* _Task to carry out_: I'd like the entire listing output verbatim, apart from the pictures.

* _The data_:
.....

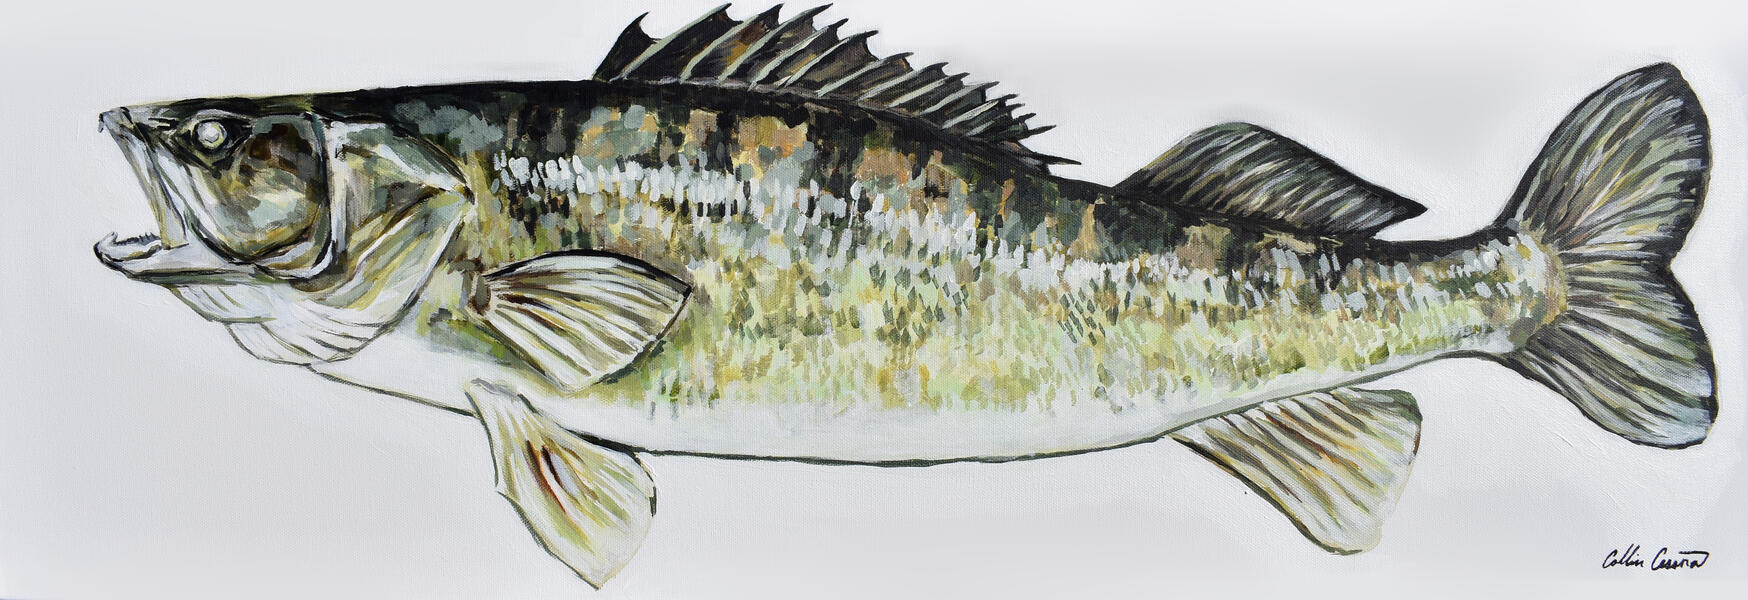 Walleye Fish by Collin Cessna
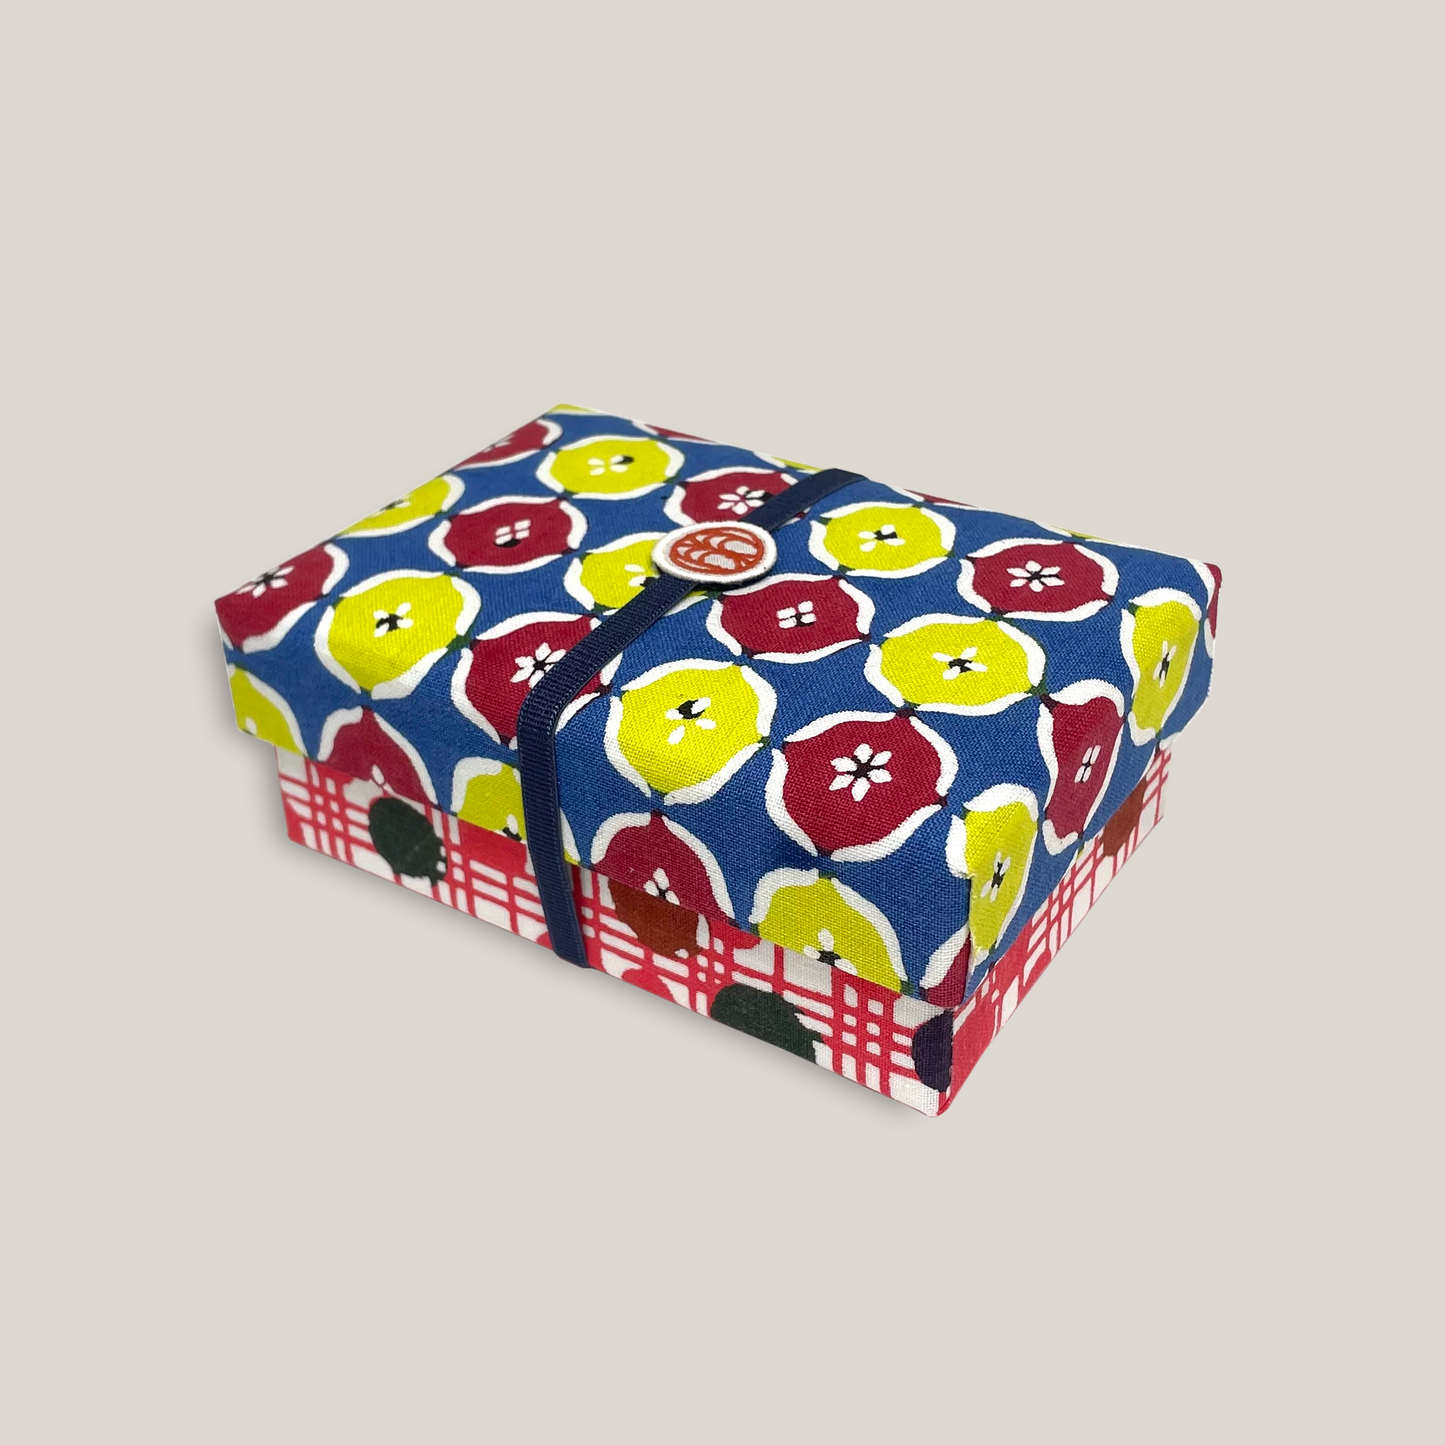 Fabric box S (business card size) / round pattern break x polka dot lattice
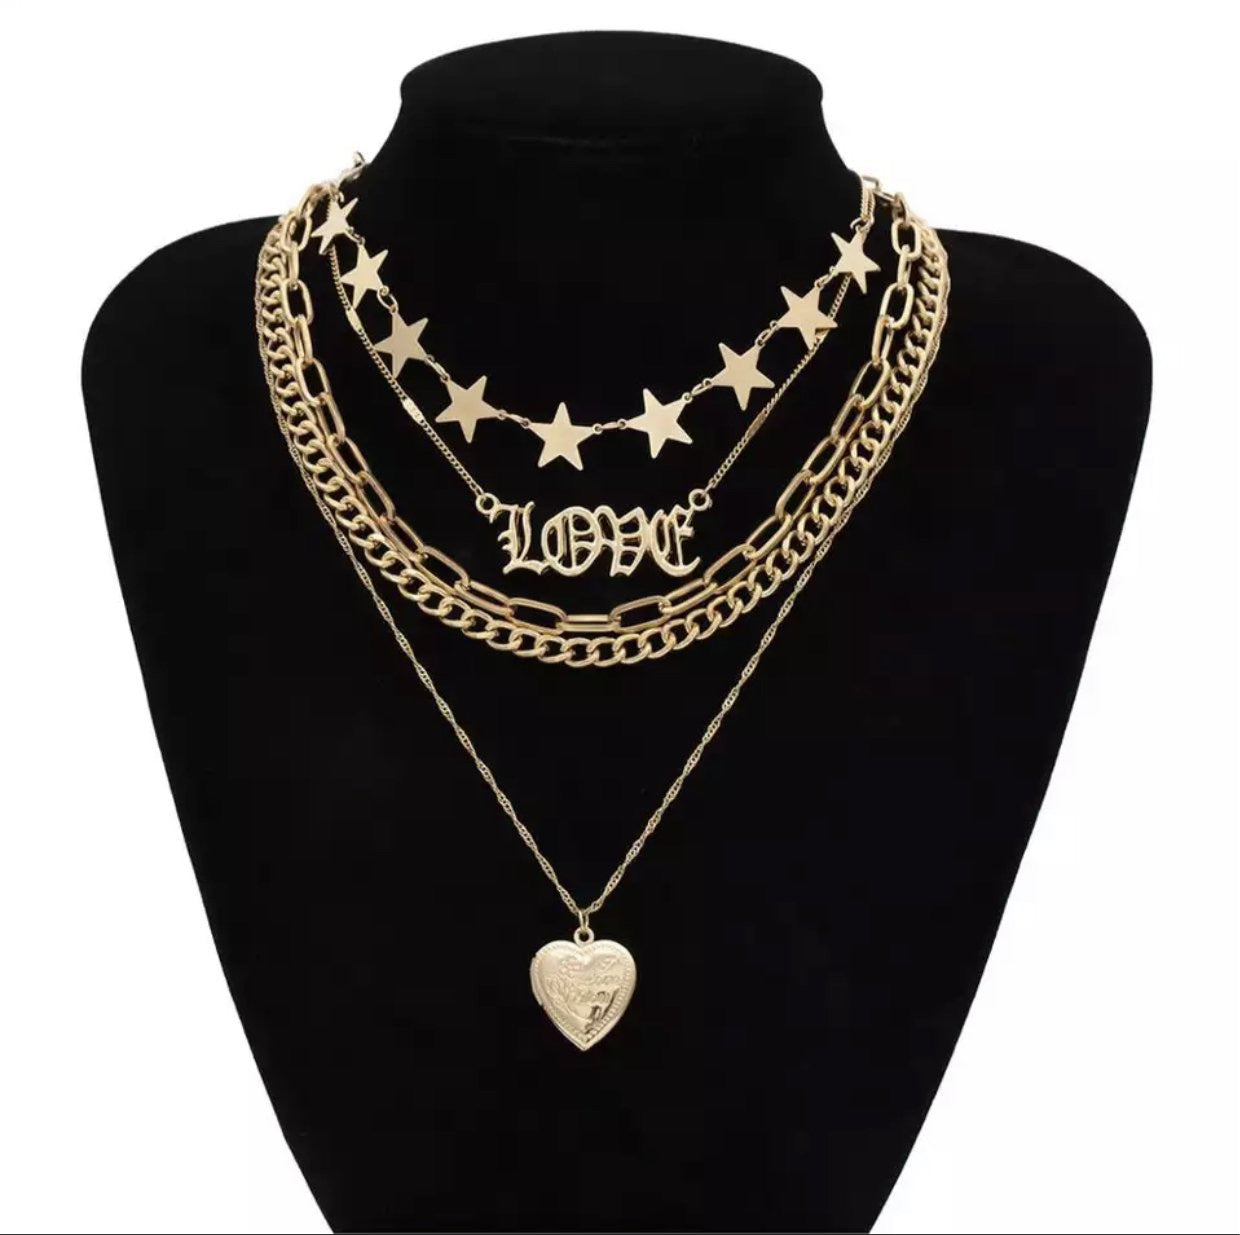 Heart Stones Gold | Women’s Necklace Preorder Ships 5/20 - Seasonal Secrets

.....

* _Solved exercise_:
 Walleye Fish by Collin Cessna
 Fabric box S (business card size) / round pattern break x polka dot lattice
 Heart Stones Gold | Women’s Necklace Preorder Ships 5/20 - Seasonal Secrets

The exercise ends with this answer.